▶ **What to produce**
Print the listing below a second time, exactly, and omit its images.

▶ **Source material**
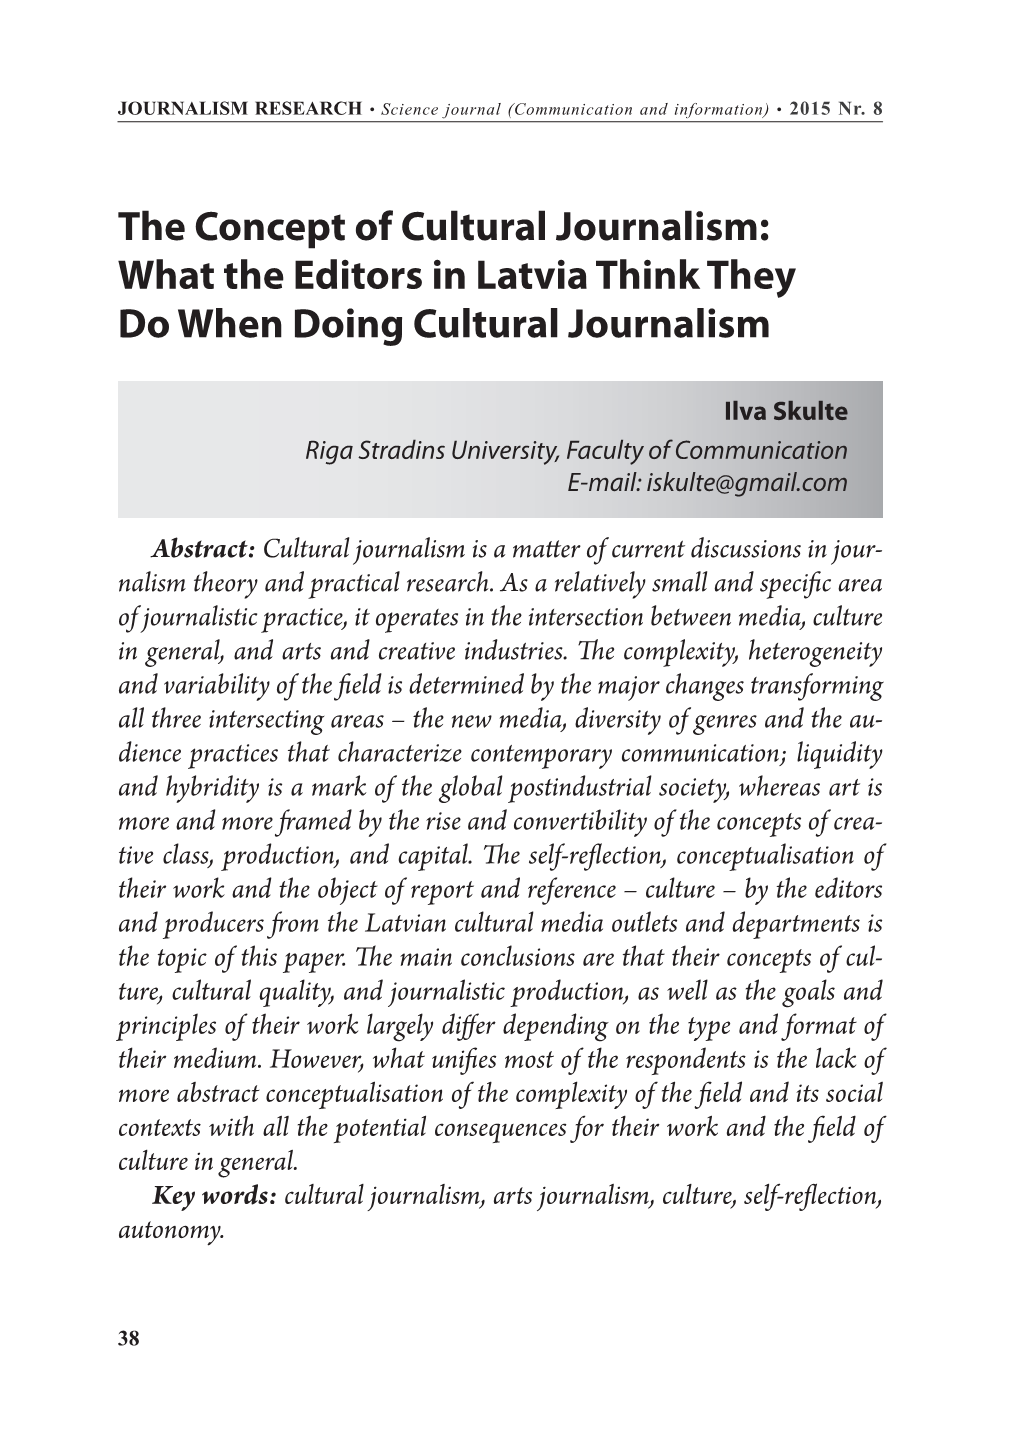 The Concept of Cultural Journalism: What the Editors in Latvia Think They Do When Doing Cultural Journalism
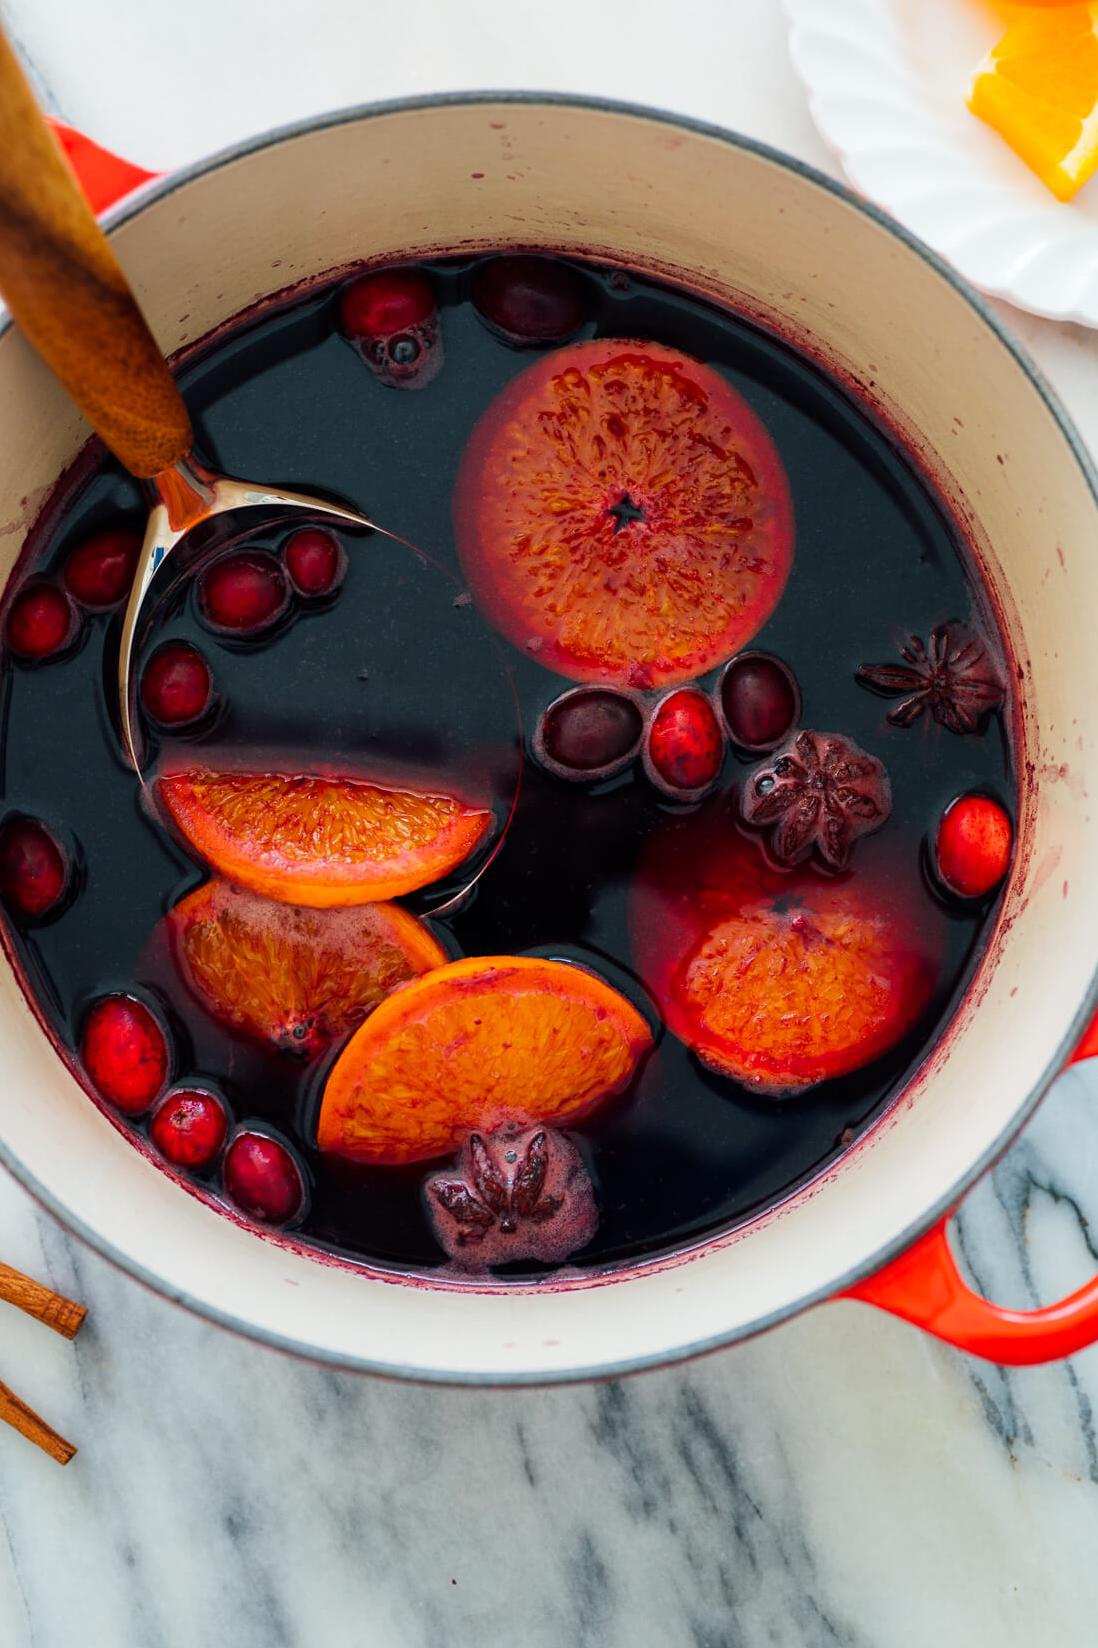  This spiced wine recipe is an excellent alternative to traditional mulled wine.
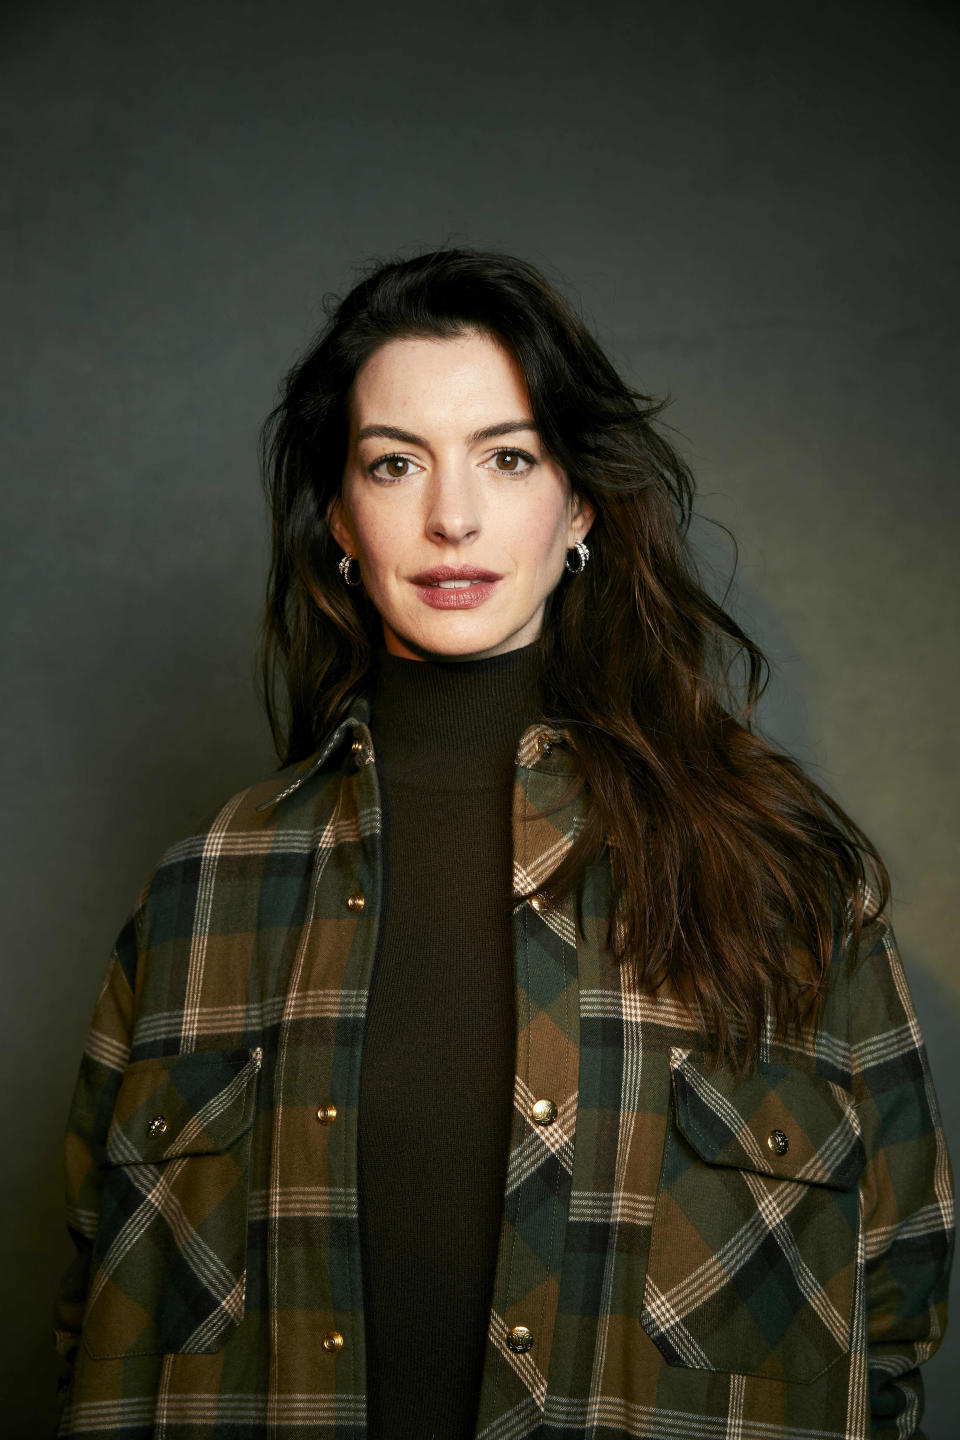 Anne Hathaway poses for a portrait to promote the film "Eileen" at the Latinx House during the Sundance Film Festival on Saturday, Jan. 21, 2023, in Park City, Utah. (Photo by Taylor Jewell/Invision/AP)
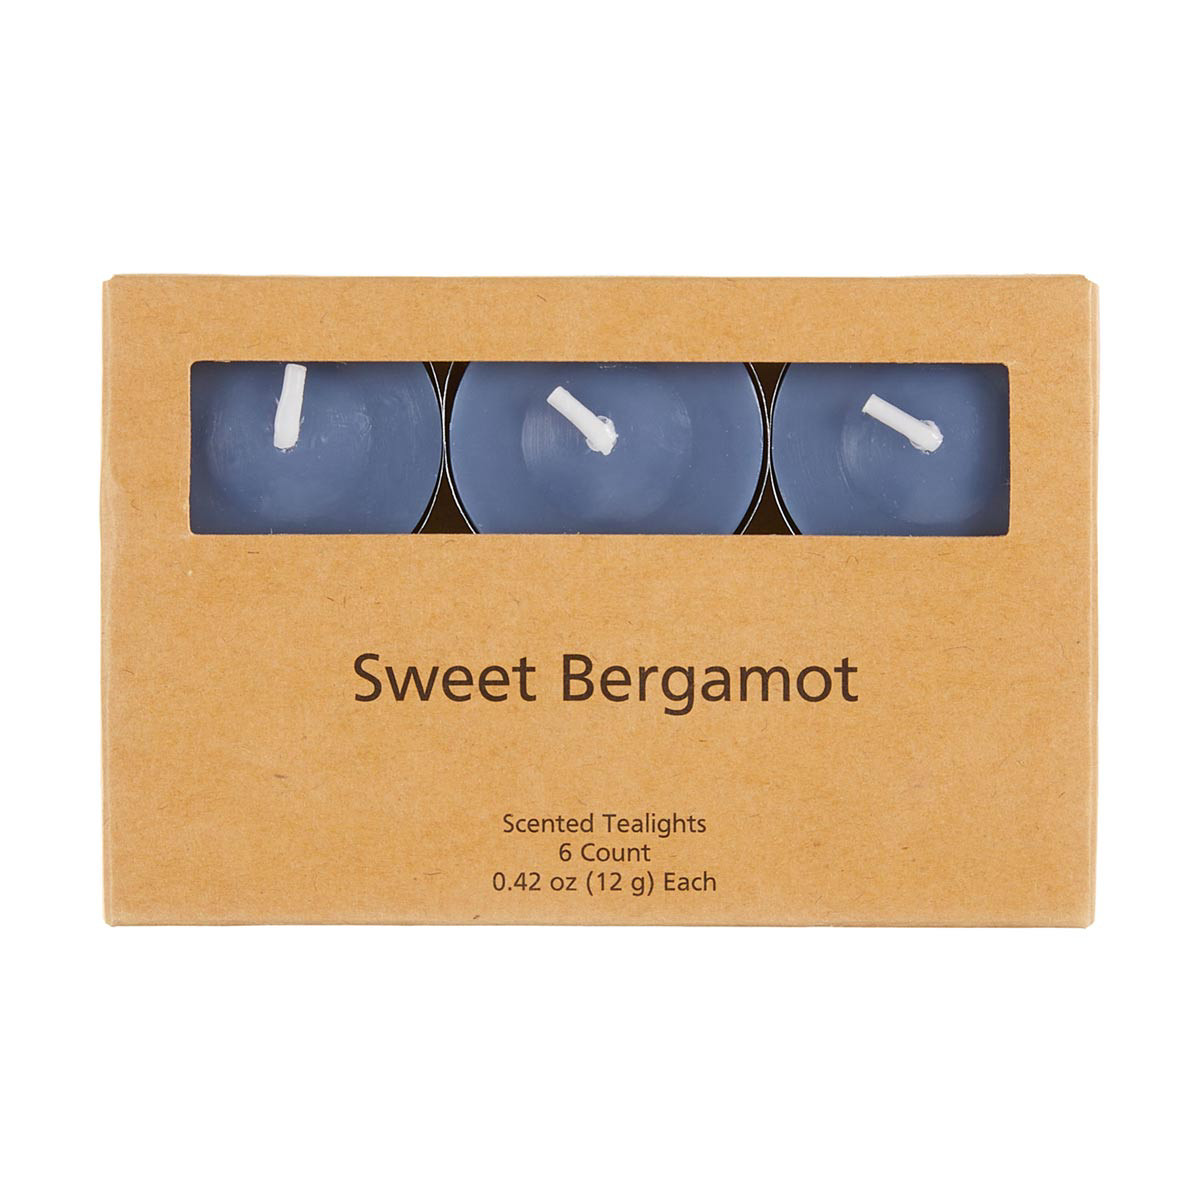 Scented Sweet Bergamot Tealight Candles, 0.42 oz each - 6 ct

▶ **Response for this exercise**
 The Concept of Cultural Journalism: What the Editors in Latvia Think They Do When Doing Cultural Journalism
  This spiced wine recipe is an excellent alternative to traditional mulled wine.
 Anne Hathaway poses for a portrait to promote the film "Eileen" at the Latinx House during the Sundance Film Festival on Saturday, Jan. 21, 2023, in Park City, Utah. (Photo by Taylor Jewell/Invision/AP)
 Scented Sweet Bergamot Tealight Candles, 0.42 oz each - 6 ct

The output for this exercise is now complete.